3. Geospatial Data Integration
3.1 Initial Exploratory Data Analysis
We have both our Geospatial and Aspatial data, we need to join them. However, we need to first find a common header to join them.
colnames(bd_jakarta)colnames(vaccination_jakarta)We can see that both have Sub_District and hence we can join them by the Sub_District and Sub_District_Code.
# joins vaccination_jakarta to jakarta based on Sub_District and Sub_District_Code
combined_jakarta <- left_join(bd_jakarta, vaccination_jakarta,
by=c(
"Village_Code"="Sub_District_Code",
"Sub_District"="Sub_District")
)Subcategorize the data into ‘Target population to be Vaccinated’ , ‘Not Yet Vaccinated Population’ and ‘Total Population’

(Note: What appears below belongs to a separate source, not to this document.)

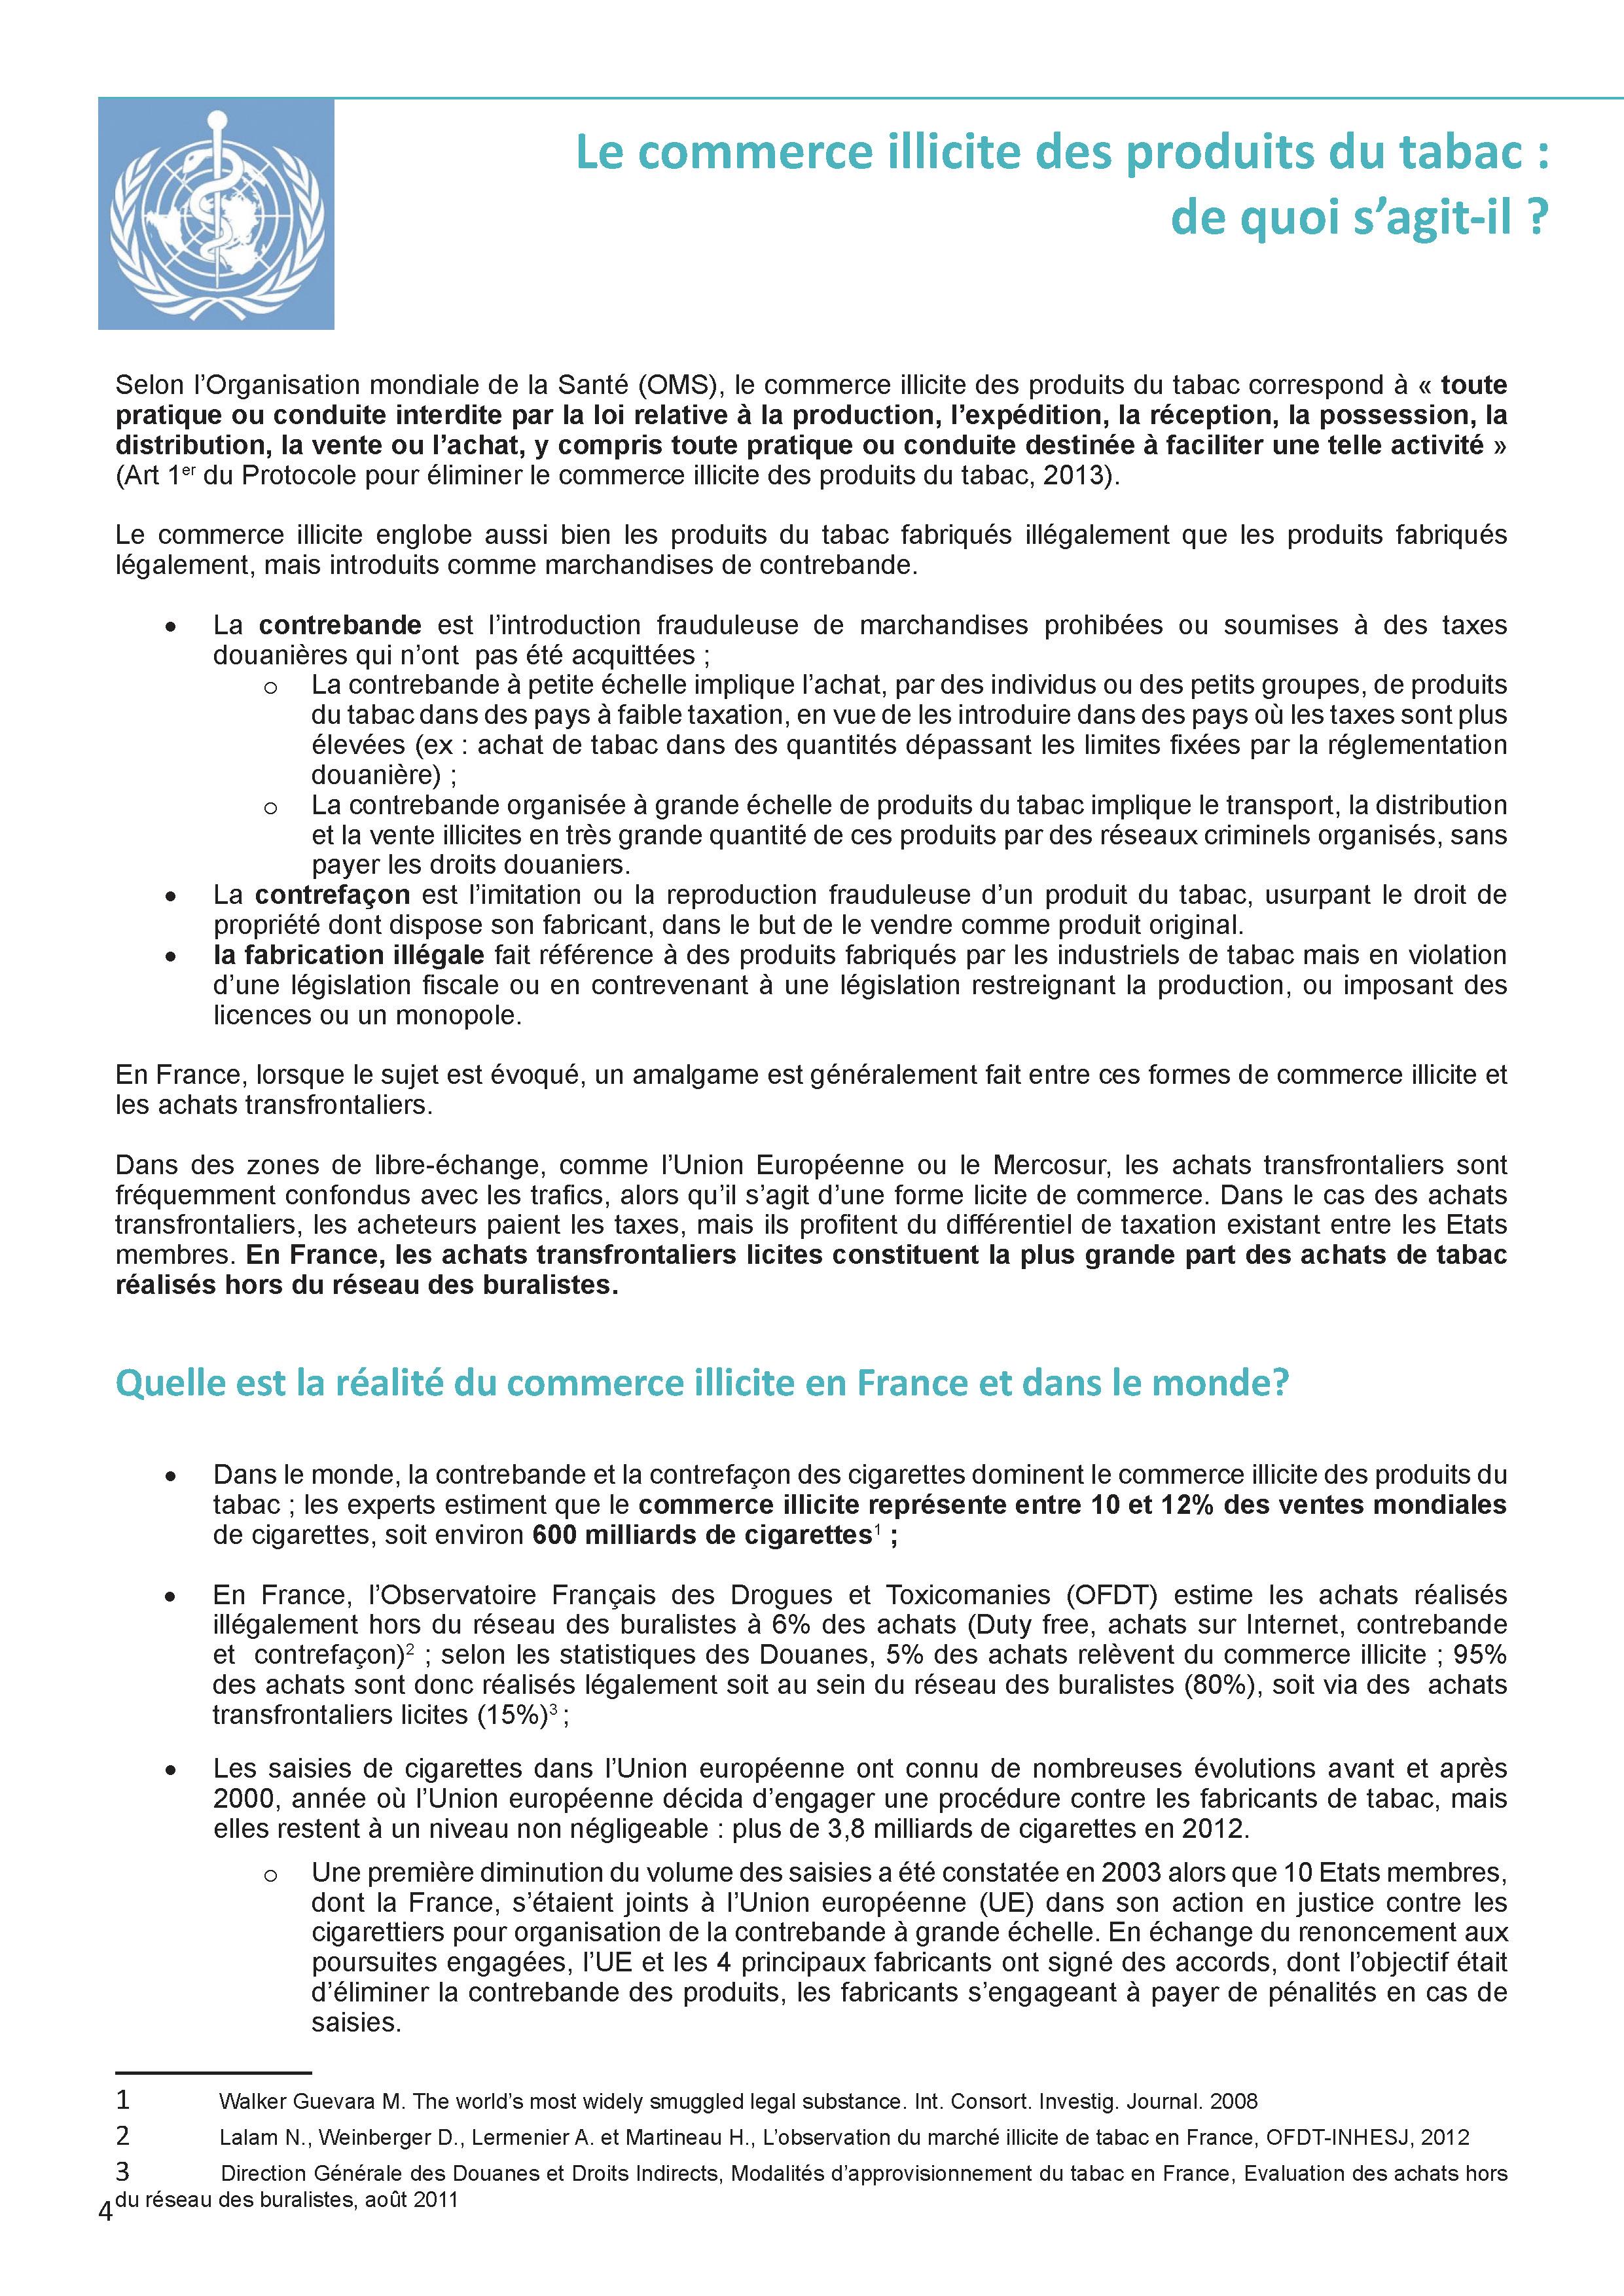 Alliance-DP_commerce-illicite-26mai2015_Page_04.jpg

target = tm_shape(combined_jakarta)+
tm_fill("Target") +
tm_borders(alpha = 0.5) +
tm_layout(main.title="Target Count")
not_yet_vaccinated = tm_shape(combined_jakarta)+
tm_fill("Not_Yet_Vaccinated") +
tm_borders(alpha = 0.5) +
tm_layout(main.title="Not Yet Vaccinated Count")
total_population = tm_shape(combined_jakarta)+
tm_fill("Total_Population") +
tm_borders(alpha = 0.5) +
tm_layout(main.title="Total Population")
tmap_arrange(target, not_yet_vaccinated, total_population)There seems to be still be a ‘Missing’ value in the Target and Not_Yet_Vaccinated maps. Even though, when we had previously checked for missing values, it didn’t show any missing values. However, we shall double check again.
bd_jakarta[rowSums(is.na(bd_jakarta))!=0,]vaccination_jakarta[rowSums(is.na(vaccination_jakarta))!=0,]There are no missing values in our dataframes. Therefore, the most likely reasons for the missing values must be due to mismatched values when we perform the left-join of the Geospatial and Aspatial data.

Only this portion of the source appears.